*PROBLEM TO WORK ON:* Among the records below, find the line that has "Dean-To-Be Sarah Bartlett"; from there, give the lines again exactly, and stop after the line that has "Colorful Laundry Room".

*RECORDS FOR THE TASK:*
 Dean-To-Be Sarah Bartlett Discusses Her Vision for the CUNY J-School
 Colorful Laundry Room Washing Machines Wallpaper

---

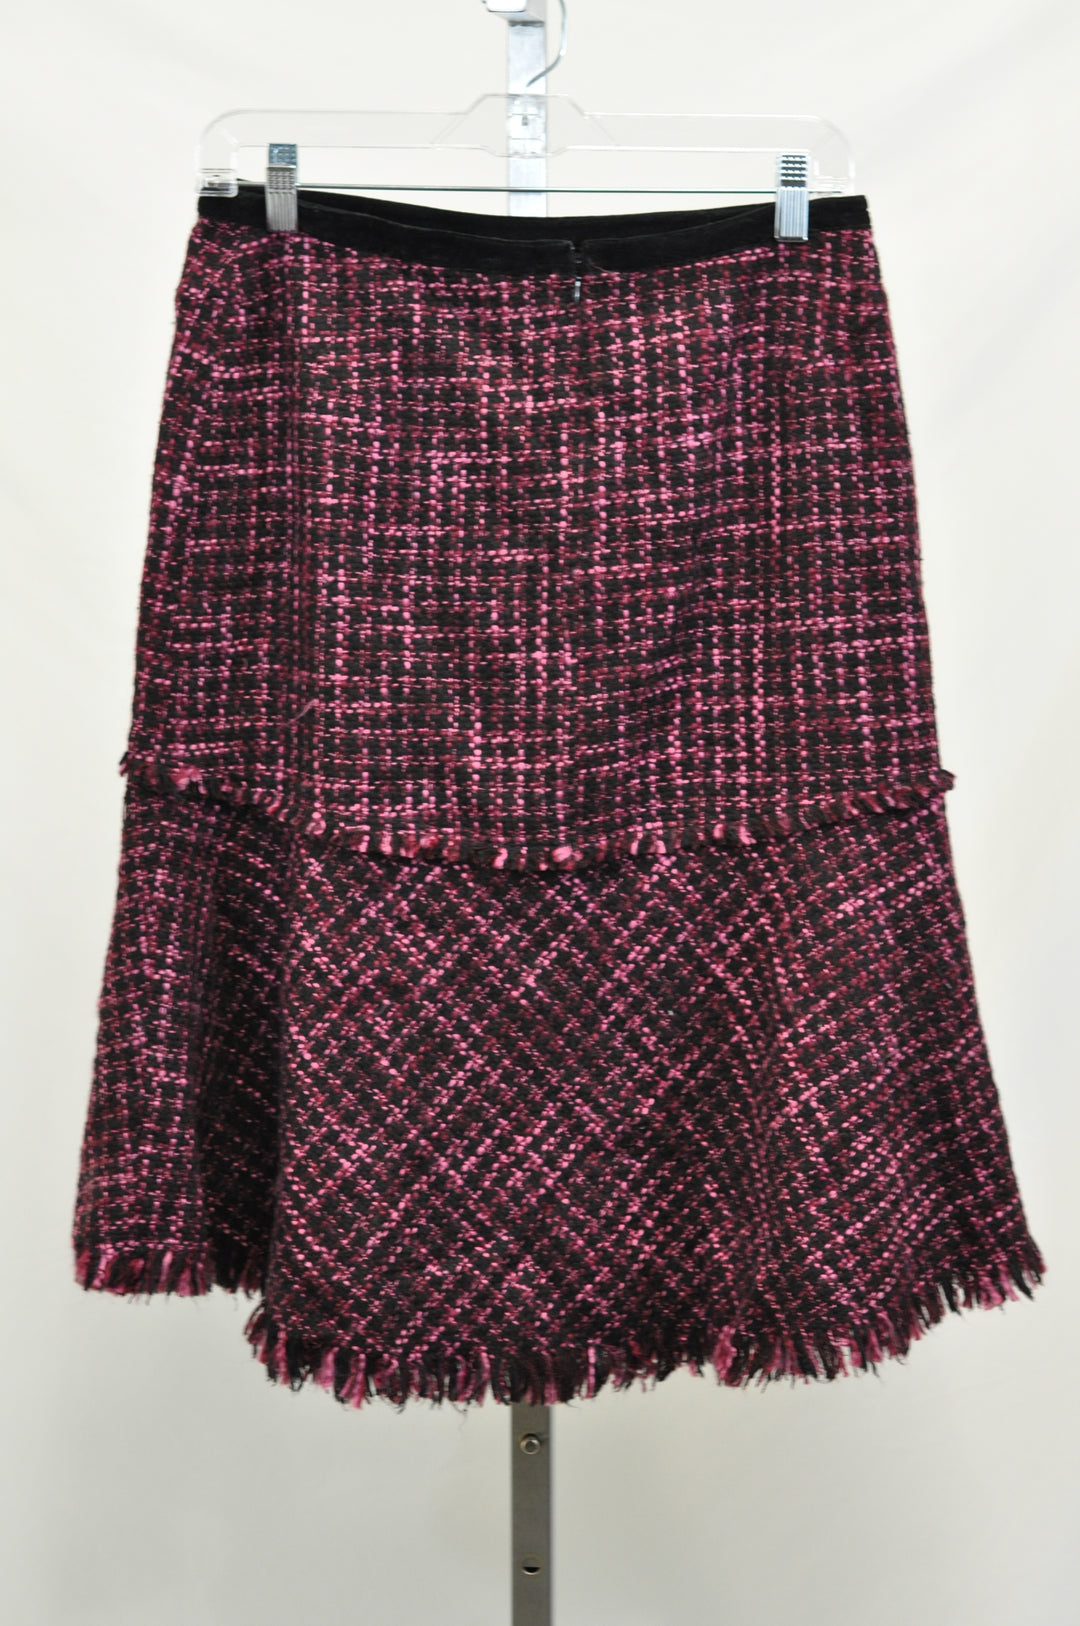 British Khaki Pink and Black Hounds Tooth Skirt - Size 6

---

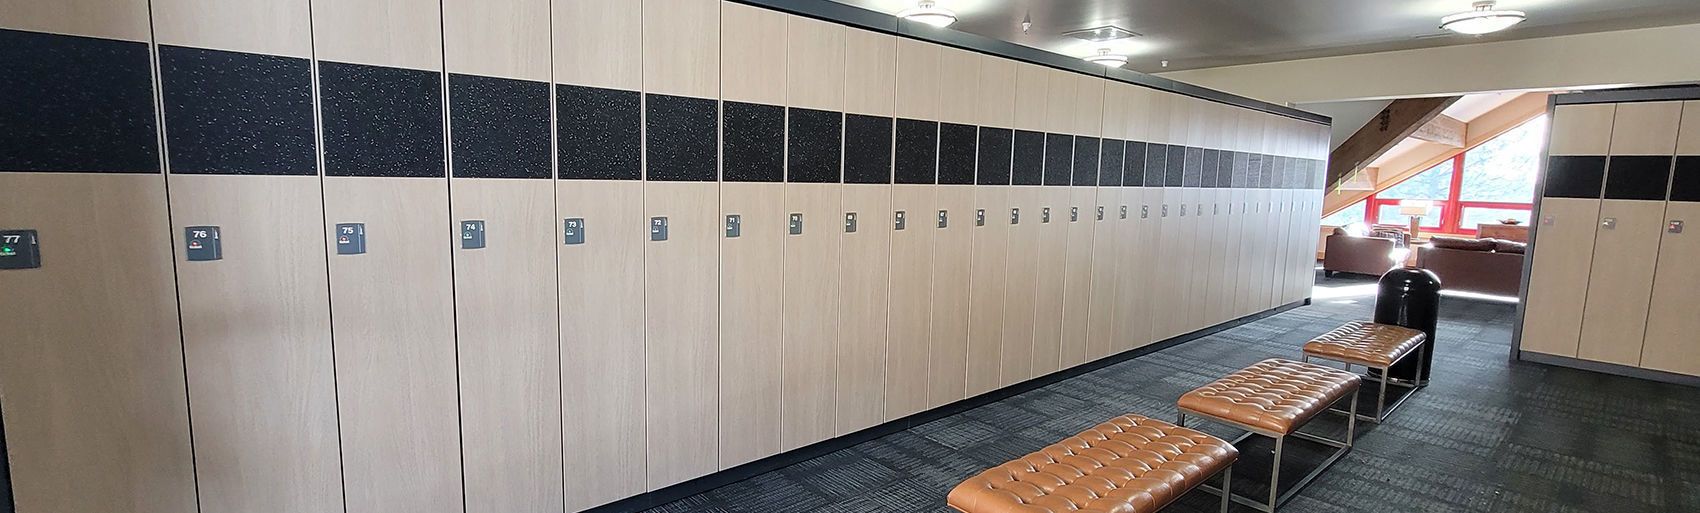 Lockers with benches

*RESPONSE BELOW:*
 Dean-To-Be Sarah Bartlett Discusses Her Vision for the CUNY J-School
 Colorful Laundry Room Washing Machines Wallpaper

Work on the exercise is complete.